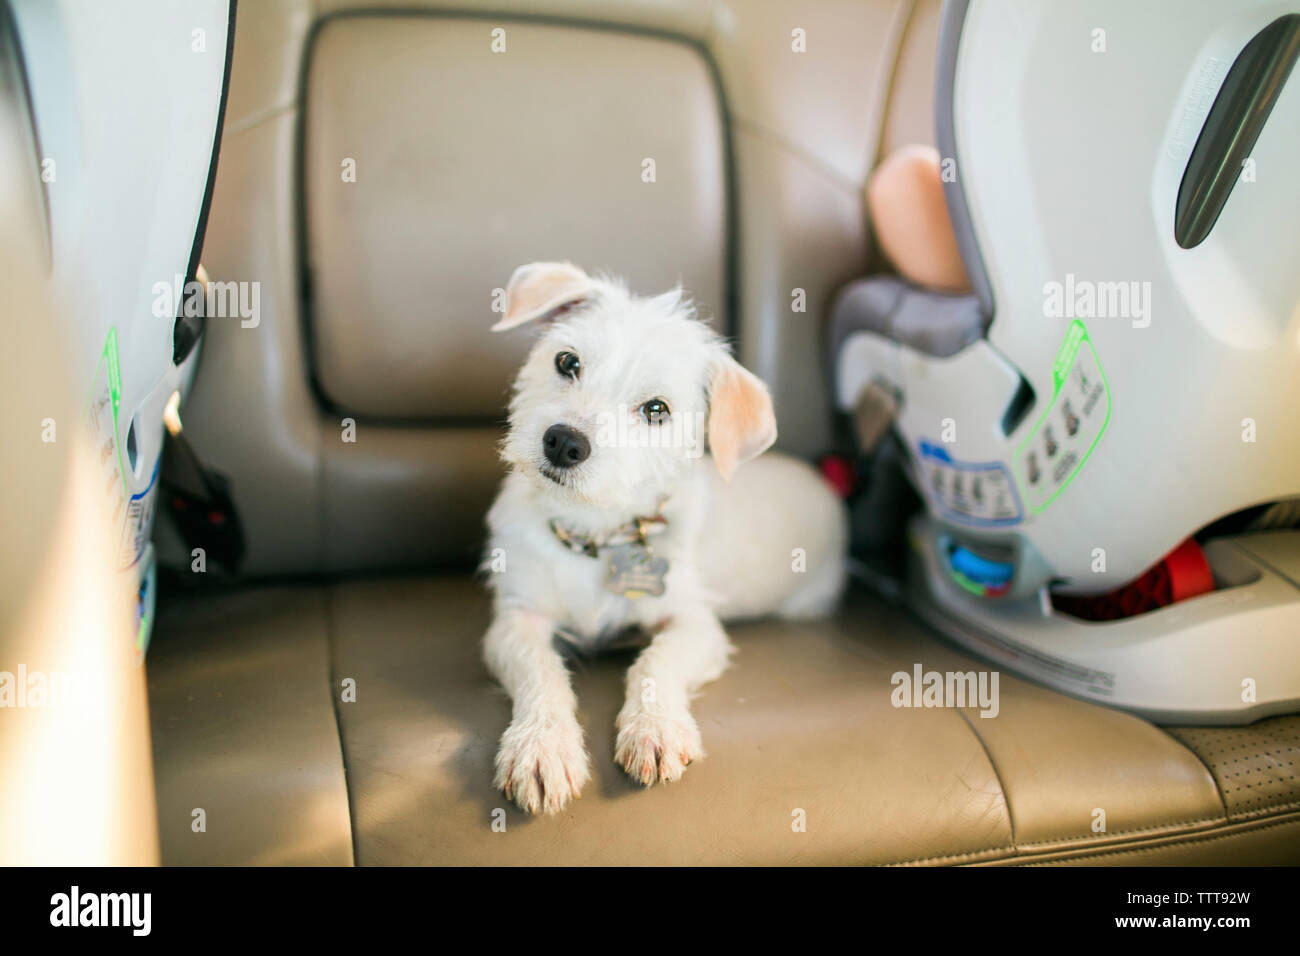 Retrato de perrito blanco sentado en el asiento del vehículo en alquiler Foto de stock
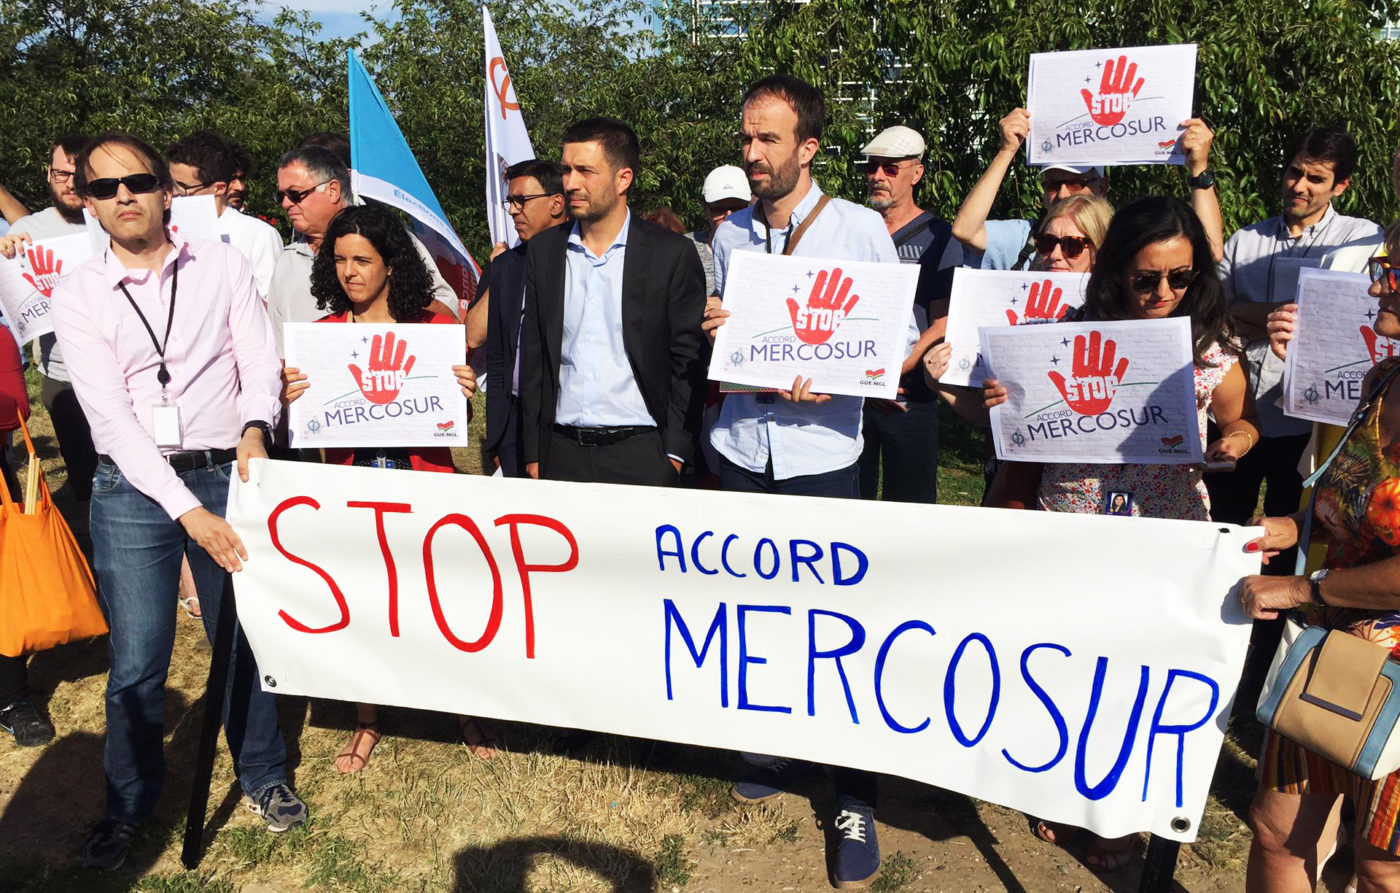 EU-Mercosur Free Trade Agreement - An Explainer | left
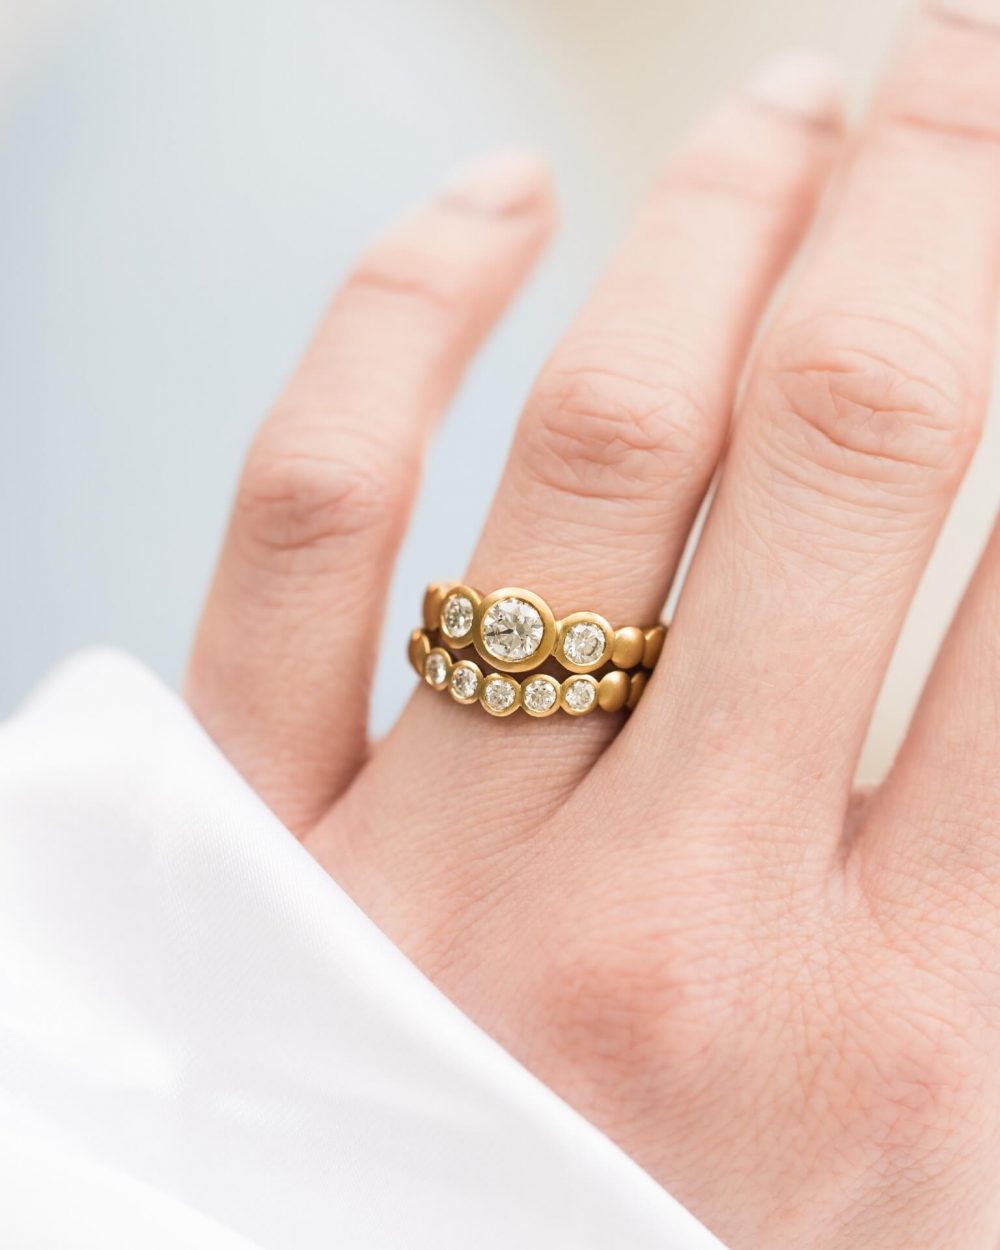 Diamond Trilogy Engagement Ring On Models Finger. Handmade By Bristol Jeweller Jacks Turner
*-*-*
- **Assigned task**: Go through the listing above and write it all out exactly, leaving out any picture.

- **Exercise result**:
 Retrato de perrito blanco sentado en el asiento del vehículo en alquiler Foto de stock
 EU-Mercosur Free Trade Agreement - An Explainer | left
 Diamond Trilogy Engagement Ring On Models Finger. Handmade By Bristol Jeweller Jacks Turner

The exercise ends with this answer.